Most notably, DP and LSP fail to complete even after 100 minutes, at which point we stop the job and TP runs into out-of-memory errors. We have observed that heavy recomputation caused by frequent resource eviction significantly slows down the DP and LSP cases. We have also found out that the LSP optimization makes the application much more vulnerable to resource evictions compared to DP. The main reason is that with LSP, eviction of a single receiving task in the shuffle boundary leads to the entire recomputation of the sending tasks of the shuffle operation to completely re-shuffle the intermediate data in memory. In contrast, DP does not need to recompute shuffle sending tasks whose output data are not evicted and stored in local disks. TP by itself also is not sufficient, as it leads to out-of-memory errors while pushing large shuffle data in memory from transient resources to reserved resources.
TP+LSP is the only case that successfully completes the job by leveraging both optimizations in TP and LSP. With TP+LSP, the job pushes the shuffle data from transient to reserved resources and also streams them to local disks on reserved resources that are safe from evictions. This allows TP+LSP to handle frequent evictions on transient resources and also to utilize disks for storing large shuffle data with minimum disk seek overheads.
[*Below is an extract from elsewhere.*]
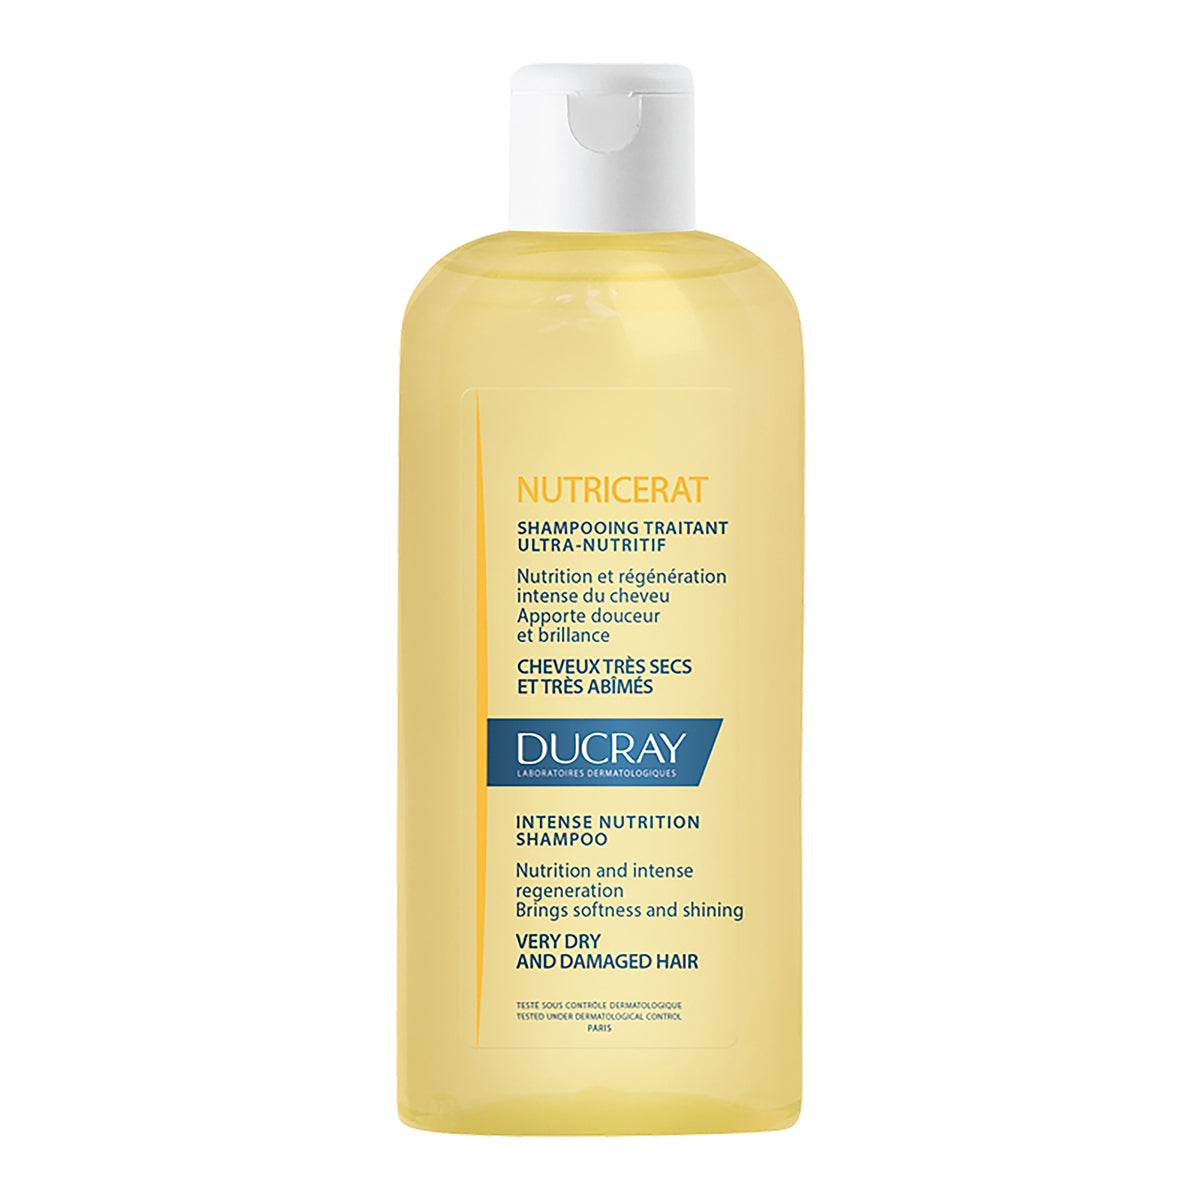 Ducray nutricerat shampoo reparador nutritivo 200ml.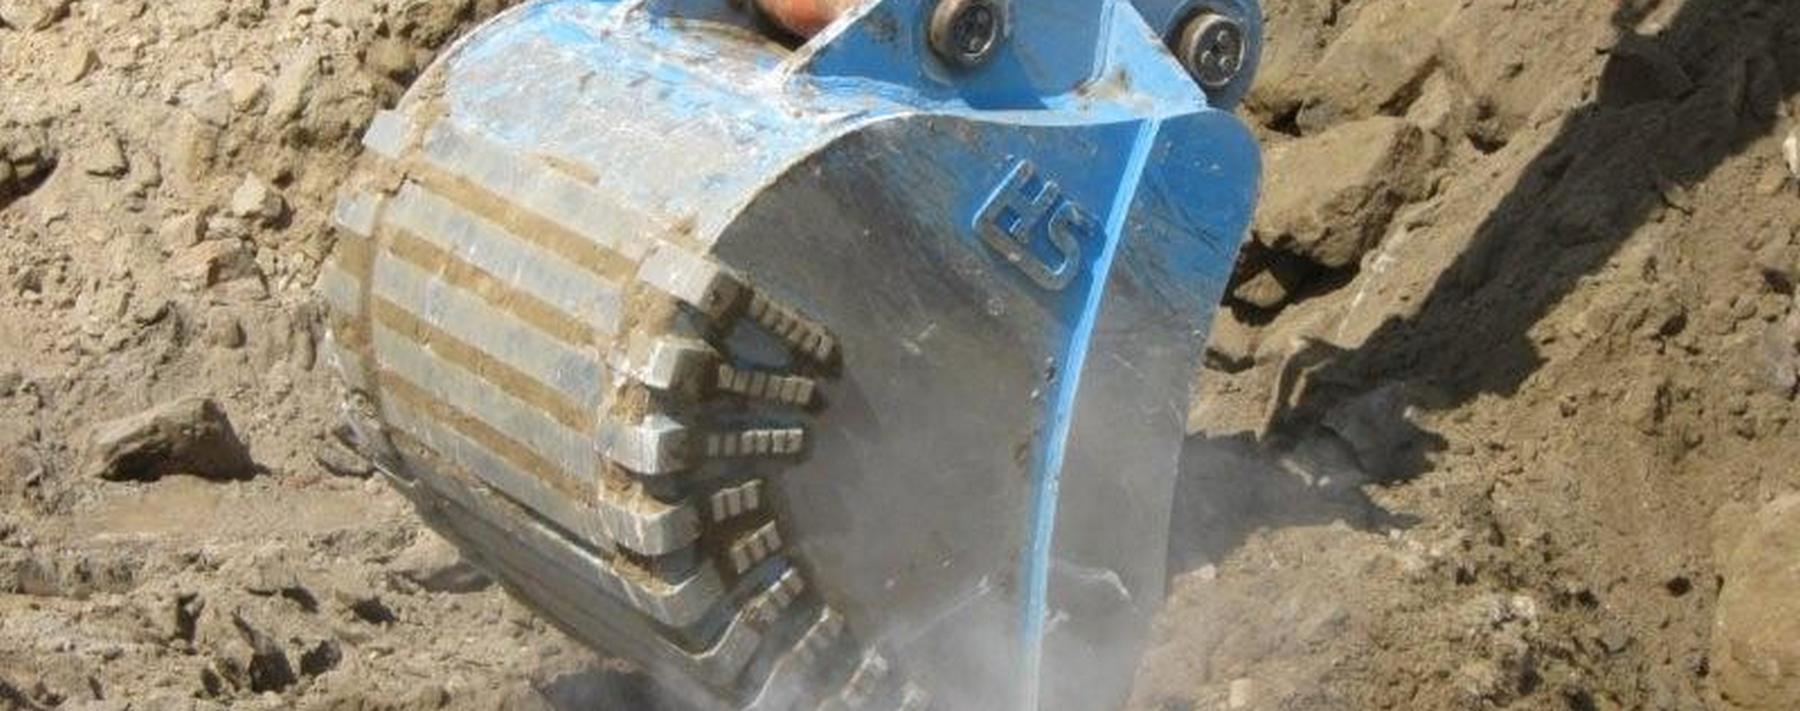 Backhoe hydraulic bucket excavator

However, TP+LSP incurs the overhead of using only half of the resources (transient or reserved) for each end of the data shuffle. As a result, the JCT for TP+LSP with transient resources is around twice the JCT for LSP without using transient resources, which is displayed in Section
5.1. Nevertheless, we believe that this overhead is worthwhile, taking into account that transient resources are much cheaper than reserved resources from the perspective of datacenter utilization [
35,
54].
Large Shuffle with Skewed Data: For this experiment, we generate a synthetic key-value dataset with a skewed key distribution that is around 1 TB in size, as the datasets used in Section
5.1 for skew handling are not sufficiently large to incur disk seek overheads. This dataset has the distribution where heaviest 20 keys represent 30% of the total data size. Using this dataset, we run the same application that we have used for the skewed data experiment in Section
5.1 on 20 EC2 instances.
In this experiment, only SSP+LSP successfully completes the job, whereas all other cases run into out-of-memory errors. DP and LSP fails to complete the job, due to particular tasks assigned with excessively large portions of data, incurring out-of-memory errors. SSP by itself also runs into out-of-memory errors although it repartitions data across the receiving tasks of the shuffle boundary. We have observed that with large data size, the absolute size of the heaviest keys is significantly larger compared to smaller scale experiments with skewed data shown in Section
5.1. Without the LSP optimization, this problem is combined with random disk read overheads that degrade the running time of the shuffle receiving tasks, leading to out-of-memory errors. In contrast, SSP+LSP successfully completes the job by leveraging both of the optimizations from SSP and LSP.
These various results confirm that Nemo can apply combinations of distinct optimization passes to further improve performance for deployment scenarios with a combination of different resource and data characteristics.